Wednesday 30 May 2007

Labour lack logic


Tony Blair attempts to justify Labour's latest anti-terrorism legislation, quoted from the Telegraph:

"We have chosen as a society to put the civil liberties of the suspect, even if a foreign national, first. I happen to believe this is misguided and wrong."

Note the sudden change from 'we' to 'I'; pretty typical of Mr Blair isn't it, only he knows what's best for us.

"Do you know why only 40 per cent of secondary schools use setting and streaming even though they have been encouraged to do so by official policy for years? Because a huge proportion of the teaching profession still resists even the minimal selection process. Mixed-ability teaching remains an article of immovable faith among a huge swath of the state sector."

This quote from a columnist in the Telegraph demonstrates how flawed Labour's bizarre use of competition is. It's fine to allow competition between schools so that the worst, instead of being helped and improved, are simply run into the ground. However competition in schools is seen as some kind of abhorrent evil by Labour, does anyone else remember the school sports day where the teacher was not allowed to measure your long jump because that would be seen as too 'competitive', it was just 'well done, good jump'.

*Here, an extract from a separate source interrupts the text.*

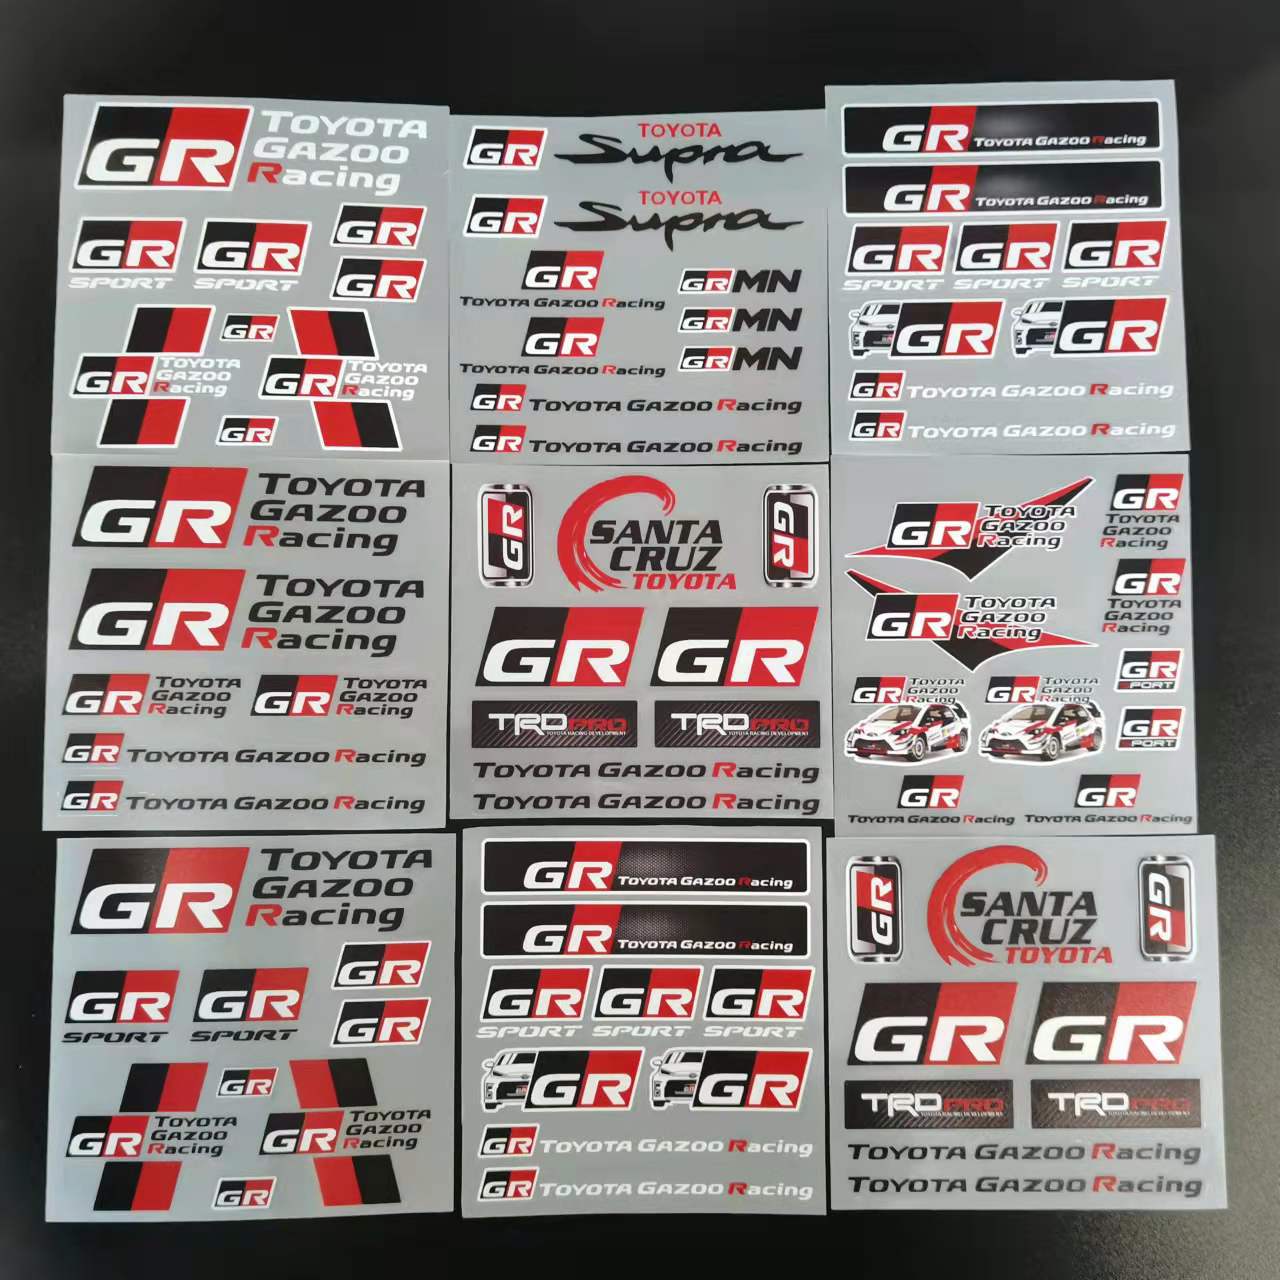 Toyota GR Gazoo Racing Stickers Decals

How anyone can believe that not streaming children based on their ability can possibly be a good thing is beyond me. Children can be taught better and can learn faster in groups that are sorted by ability, it's simple common sense. This Labour mindset that encourages the persecution of anyone with talent and the enforcement of mediocrity is precisely the reason we have the likes of Prescott, Reid and Johnson flourishing with their groundbreaking dimwittedness.

This is almost unbelievable as it is so ridiculous. This example is symptomatic of a culture that wants no one to be better than anyone else. There is already a massive problem with certain children at school getting extra time in exams for various 'learning disabilities'. Nowadays even the most able child can be taken to a educational psychologist and diagnosed with a mild disorder that then enables them to gain an unfair advantage over their fellow pupils. I know of cases where the best pupil in the year group has been the only one to get extra time, as a direct result of these ill thought out measures.

The motives behind these measures are indeed noble, however in practice they do not work. In trying to make the race fair, more mechanisms for unfairness have been unearthed. More worryingly a philosophy that despises achievement is being used to engineer a race where everyone will come equal first. Not only will everyone come first, but they will all come last, as a depressing world of bland mediocrity replaces a dynamic competitive environment. This philosophy leads to children becoming unmotivated and apathetic, as their destiny cannot be altered by their own actions in this rigged Big Brother game.